What you return must match the records below exactly, down to each character.

#### Supplied material:
§

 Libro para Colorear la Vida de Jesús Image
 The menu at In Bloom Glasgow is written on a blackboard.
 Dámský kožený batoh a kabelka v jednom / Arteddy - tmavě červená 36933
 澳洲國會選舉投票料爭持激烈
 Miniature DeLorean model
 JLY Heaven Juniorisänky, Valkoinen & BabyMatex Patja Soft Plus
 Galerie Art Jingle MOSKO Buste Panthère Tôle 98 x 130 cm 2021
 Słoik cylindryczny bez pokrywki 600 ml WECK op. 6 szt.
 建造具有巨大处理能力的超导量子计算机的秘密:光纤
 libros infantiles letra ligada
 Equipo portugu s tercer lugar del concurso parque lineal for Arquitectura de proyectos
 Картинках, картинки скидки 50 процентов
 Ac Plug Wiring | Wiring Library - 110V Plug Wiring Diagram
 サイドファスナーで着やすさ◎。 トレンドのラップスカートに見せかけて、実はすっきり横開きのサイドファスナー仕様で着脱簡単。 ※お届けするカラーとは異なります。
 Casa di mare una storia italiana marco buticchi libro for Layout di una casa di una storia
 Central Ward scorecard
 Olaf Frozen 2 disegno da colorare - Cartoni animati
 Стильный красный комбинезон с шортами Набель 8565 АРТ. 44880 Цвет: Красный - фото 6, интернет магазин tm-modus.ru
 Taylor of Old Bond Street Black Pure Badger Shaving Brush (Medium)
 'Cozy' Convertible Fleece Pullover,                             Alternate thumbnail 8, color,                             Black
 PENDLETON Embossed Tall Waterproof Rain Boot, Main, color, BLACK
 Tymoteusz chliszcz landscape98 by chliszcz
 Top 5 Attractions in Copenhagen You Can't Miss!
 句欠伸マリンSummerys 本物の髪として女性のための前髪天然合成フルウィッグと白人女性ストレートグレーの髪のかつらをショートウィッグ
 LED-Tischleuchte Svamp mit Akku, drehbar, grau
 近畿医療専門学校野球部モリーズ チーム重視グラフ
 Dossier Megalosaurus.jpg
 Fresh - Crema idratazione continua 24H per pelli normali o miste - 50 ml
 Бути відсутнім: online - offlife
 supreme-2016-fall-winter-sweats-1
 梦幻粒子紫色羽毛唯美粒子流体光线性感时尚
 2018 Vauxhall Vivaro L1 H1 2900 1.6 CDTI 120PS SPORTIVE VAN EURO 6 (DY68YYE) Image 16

§

#### Result below:
 Libro para Colorear la Vida de Jesús Image
 The menu at In Bloom Glasgow is written on a blackboard.
 Dámský kožený batoh a kabelka v jednom / Arteddy - tmavě červená 36933
 澳洲國會選舉投票料爭持激烈
 Miniature DeLorean model
 JLY Heaven Juniorisänky, Valkoinen & BabyMatex Patja Soft Plus
 Galerie Art Jingle MOSKO Buste Panthère Tôle 98 x 130 cm 2021
 Słoik cylindryczny bez pokrywki 600 ml WECK op. 6 szt.
 建造具有巨大处理能力的超导量子计算机的秘密:光纤
 libros infantiles letra ligada
 Equipo portugu s tercer lugar del concurso parque lineal for Arquitectura de proyectos
 Картинках, картинки скидки 50 процентов
 Ac Plug Wiring | Wiring Library - 110V Plug Wiring Diagram
 サイドファスナーで着やすさ◎。 トレンドのラップスカートに見せかけて、実はすっきり横開きのサイドファスナー仕様で着脱簡単。 ※お届けするカラーとは異なります。
 Casa di mare una storia italiana marco buticchi libro for Layout di una casa di una storia
 Central Ward scorecard
 Olaf Frozen 2 disegno da colorare - Cartoni animati
 Стильный красный комбинезон с шортами Набель 8565 АРТ. 44880 Цвет: Красный - фото 6, интернет магазин tm-modus.ru
 Taylor of Old Bond Street Black Pure Badger Shaving Brush (Medium)
 'Cozy' Convertible Fleece Pullover,                             Alternate thumbnail 8, color,                             Black
 PENDLETON Embossed Tall Waterproof Rain Boot, Main, color, BLACK
 Tymoteusz chliszcz landscape98 by chliszcz
 Top 5 Attractions in Copenhagen You Can't Miss!
 句欠伸マリンSummerys 本物の髪として女性のための前髪天然合成フルウィッグと白人女性ストレートグレーの髪のかつらをショートウィッグ
 LED-Tischleuchte Svamp mit Akku, drehbar, grau
 近畿医療専門学校野球部モリーズ チーム重視グラフ
 Dossier Megalosaurus.jpg
 Fresh - Crema idratazione continua 24H per pelli normali o miste - 50 ml
 Бути відсутнім: online - offlife
 supreme-2016-fall-winter-sweats-1
 梦幻粒子紫色羽毛唯美粒子流体光线性感时尚
 2018 Vauxhall Vivaro L1 H1 2900 1.6 CDTI 120PS SPORTIVE VAN EURO 6 (DY68YYE) Image 16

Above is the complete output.